From: SWZwick@aol.com
Date: Wed Jun 02 2004 - 21:14:26 BST
But what does the MOQ say about the abuses? Or, for that matter, true
torture? This is an interesting question: to what extent were the abuses in Iraq
psychologically-driven, and to what extent were they logically-driven?
Logically, such abuse (and torture in general) can be opposed on the ground
that it doesn't work. People may cough up some "information", but it is rarely
"good" information. Furthermore, when one side indulges in torture or abuse
of prisoners, the other side is more inclined to do so as well. Abuse of POWs
simply does not bring the desired results, so employing it is illogical. The
intellectual level thus opposes it.
But something in our neurology, which is our biology, tells us that it will
work, so we do it. Perhaps we believe that it will in fact get the desired
results (despite evidence to the contrary), because we're hard-wired for
aggression. Or perhaps it makes us feel good. Or perhaps we are responding to the
pressure from our superiors to deliver results at any price.
The question is whether the kind of humiliating treatment delivered to those
prisoners in Iraq represents a biological impulse overriding an intellecutal
impulse or not. That's what makes it moral or immoral.
Isn't that what this forum is supposed to be about?
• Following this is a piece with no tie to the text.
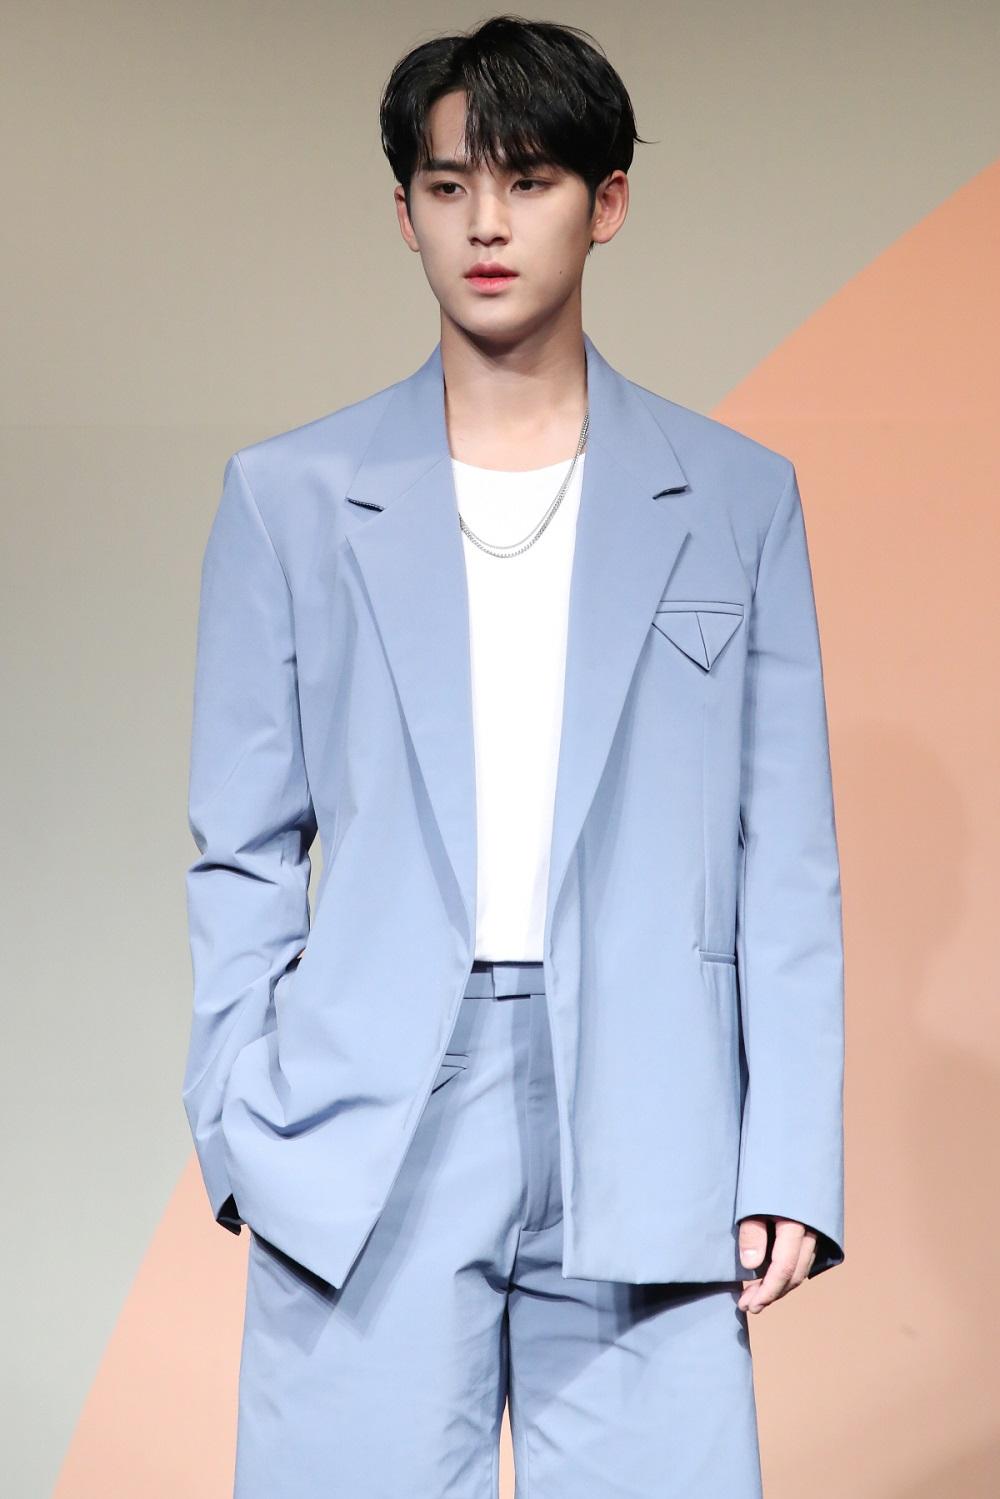 seventeen-mingyu-apologizes-again-at-henggarae-showcase-for-itaewon-controversy-2

How did Chomsky get into this? The critiques of the guy are valid -- he
tends to take things in isolation that don't exist that way, and then forgets to
place them back into context to test his conclusions. And he's never said
anything we didn't already suspect at some time or another. He offers no proofs
of anything new, but rather proves a bunch of things we already know, and then
leaps into wild associative rants that don't really hold up -- because there
really isn't much to them. He's good at shooting down skytalkers, but then he
just replaces it with his own skytalk. Sort of like a Rush Limbaugh for the
left.... I'm tempted to say that he also appeals to a neurological desire we
have for the illusion of certainty and moral correctness, not unlike those
soldiers who abused those prisoners. And since his arguments don't hold up (since
they don't really exist), he also represents a case of the biological
overriding the intellectual. According to the MOQ, this makes him immoral.